Bear employees hold about a third of the shares, including Chairman James Cayne's 5.4 percent stake.
``It looks like a significant number of shareholders are deciding to vote against the deal,'' said James Ellman, who oversees $200 million as the president of San Francisco-based SeaCliff Capital. Investors are saying ``Bear Stearns can survive on its own, JPMorgan will have to up the price, or that another bidder is about to emerge,'' he added.
Sold Stock
Ellman, whose hedge-fund firm specializes in financial stocks, sold his Bear shares about a year ago.
Bear climbed to $171.51 last year and closed at $30 on March 14, the last trading day before New York-based JPMorgan stepped in. The book value was $84 a share as recently as November.
``I'm accusing Mr. Dimon of nothing except being a hard and adroit bargainer, but to a shareholder like me it felt like he was stealing a valuable property on the cheap,'' Dorfman said.
He said he passed up the chance to sell his shares at $5.50 or more today because of the chance of a better offer, either from JPMorgan or from a second bidder such as Goldman Sachs Group Inc., Berkshire Hathaway Inc. or HSBC Holdings Plc.
``It's a race between the bondholders and shareholders to buy as much stock as they can,'' said Brian Shapiro, managing director of Source Capital NY, an independent money manager based in New York. ``They have divergent interests at this point.''
Bondholders vs. Stockholders
Bondholders may be buying stock because they want the deal done, while shareholders are trying to amass a larger stake because they want to vote the deal down, Shapiro said.
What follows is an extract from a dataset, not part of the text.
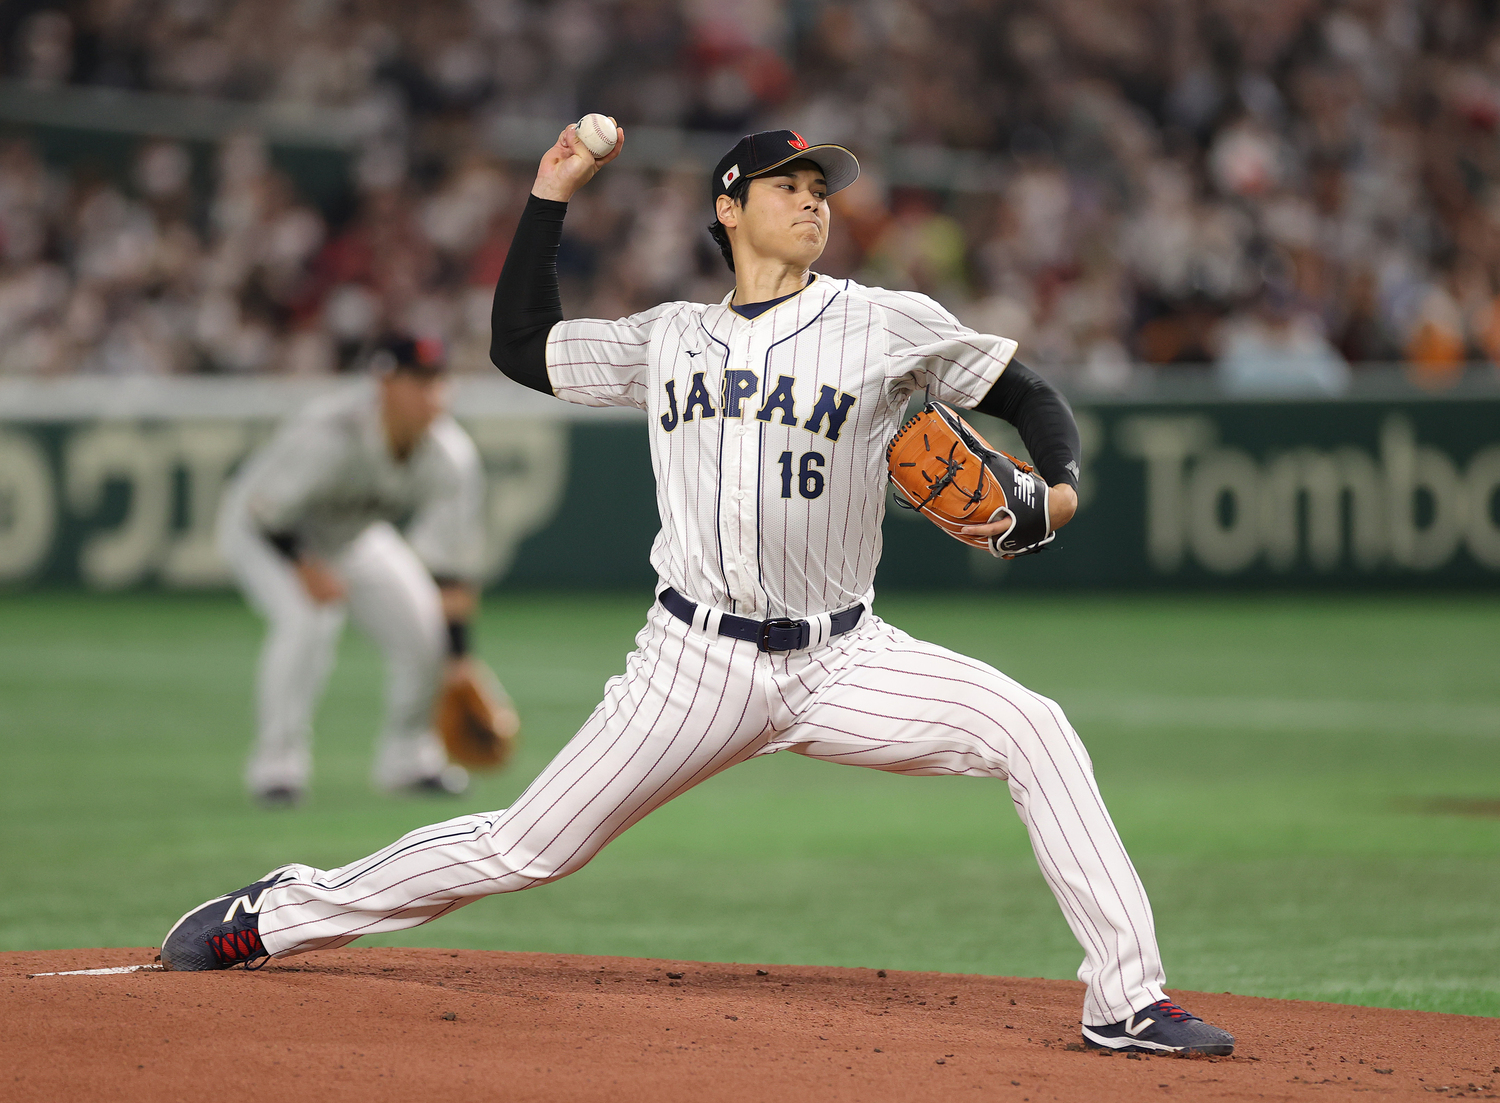 Productivo Microprocesador Instalar en pc Shohei Ohtani Shines as Japan Opens WBC with a Hard-Fought Win over China |  SportsLook
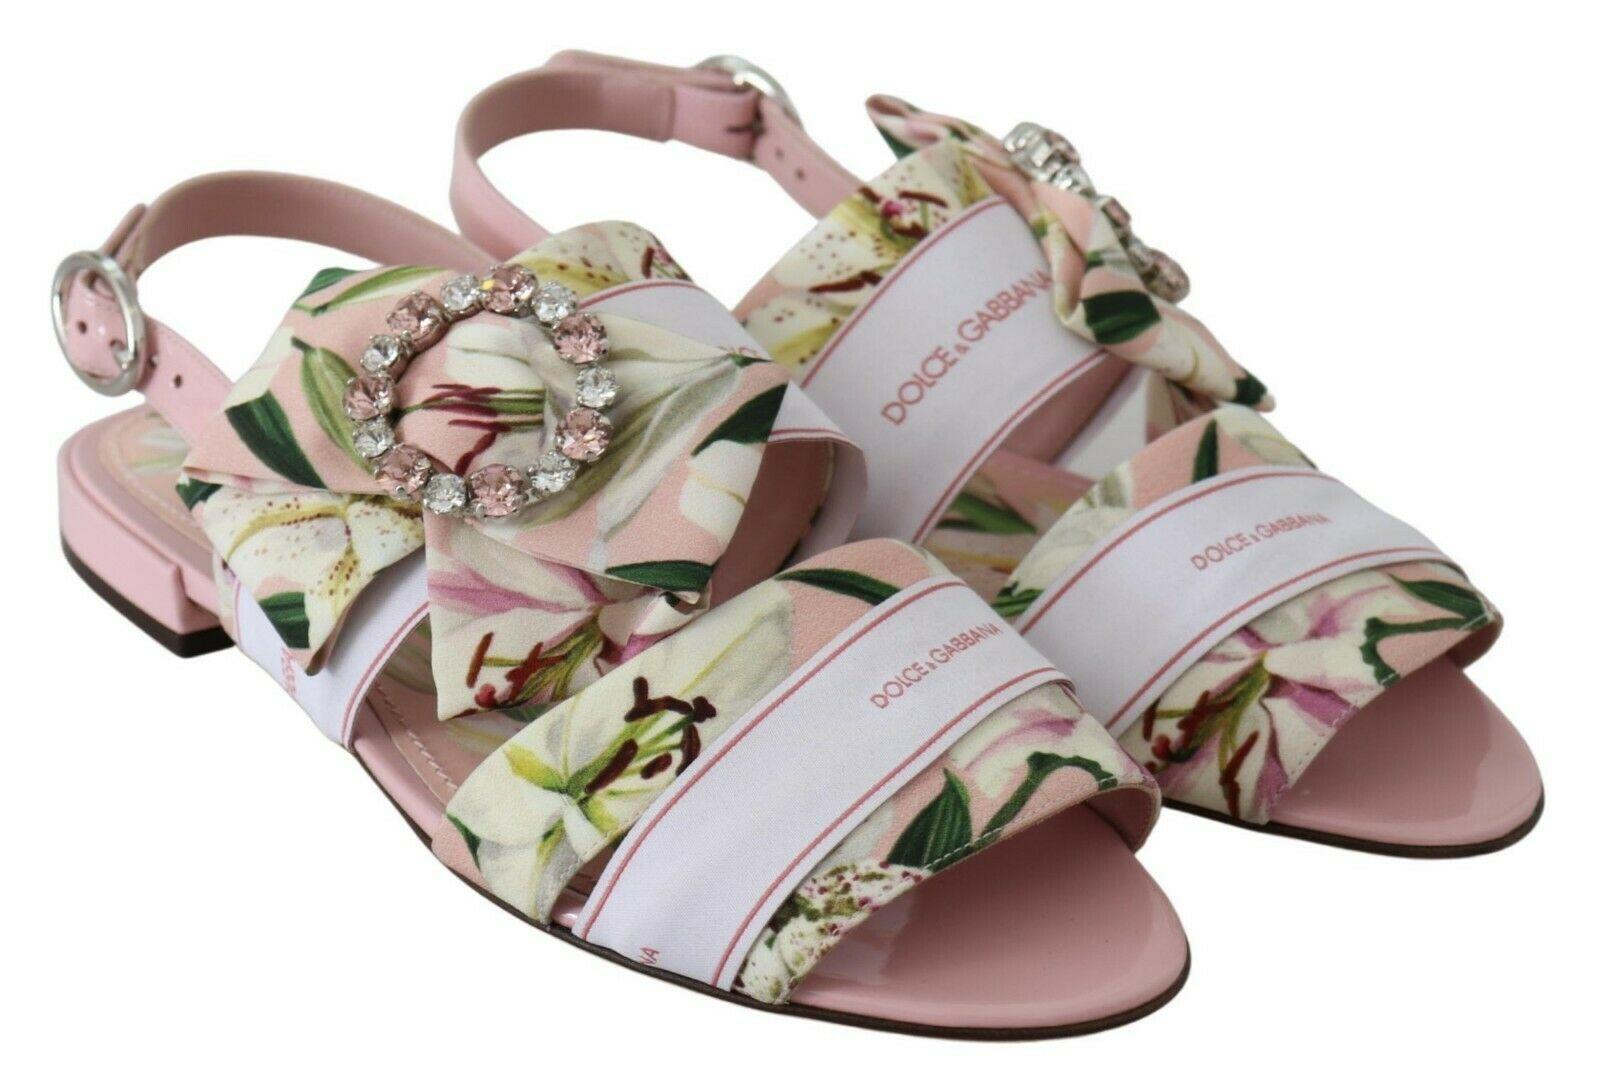 Brown Dolce & Gabbana Pink Silk Floral Lily Bianca Flats Shoes Sandals Crystals DG

Peter Boockvar, an equity strategist at Miller Tabak & Co., discounted the chances of Bear fetching a higher price.
``It is highly unlikely that that JPMorgan will up the offer,'' Boockvar said in an interview. ``This is a misplaced belief, and Bear Stearns shareholders have no choice but to accept the offer.''
Traders are shorting Bear Stearns shares in a bet that the price will go back down, said Marc Weinberger, head trader at W. Quillen Securities in New York.
``There's speculation out there that the price of the JPMorgan bid will be renegotiated higher, and there's also short sellers betting it won't be,'' Weinberger said.
Bear spokesman Russell Sherman; Douglas McMahon, a spokesman for Lewis; and James Barrow didn't return calls seeking comment. Miller wasn't available to comment, said Mary Athridge, a spokeswoman for Legg Mason.
JPMorgan, based in New York, will pay 0.05473 a share for each of Bear's 118 million shares outstanding. The bank rose $2.40, or 6 percent, to $42.71, after increasing 10 percent yesterday.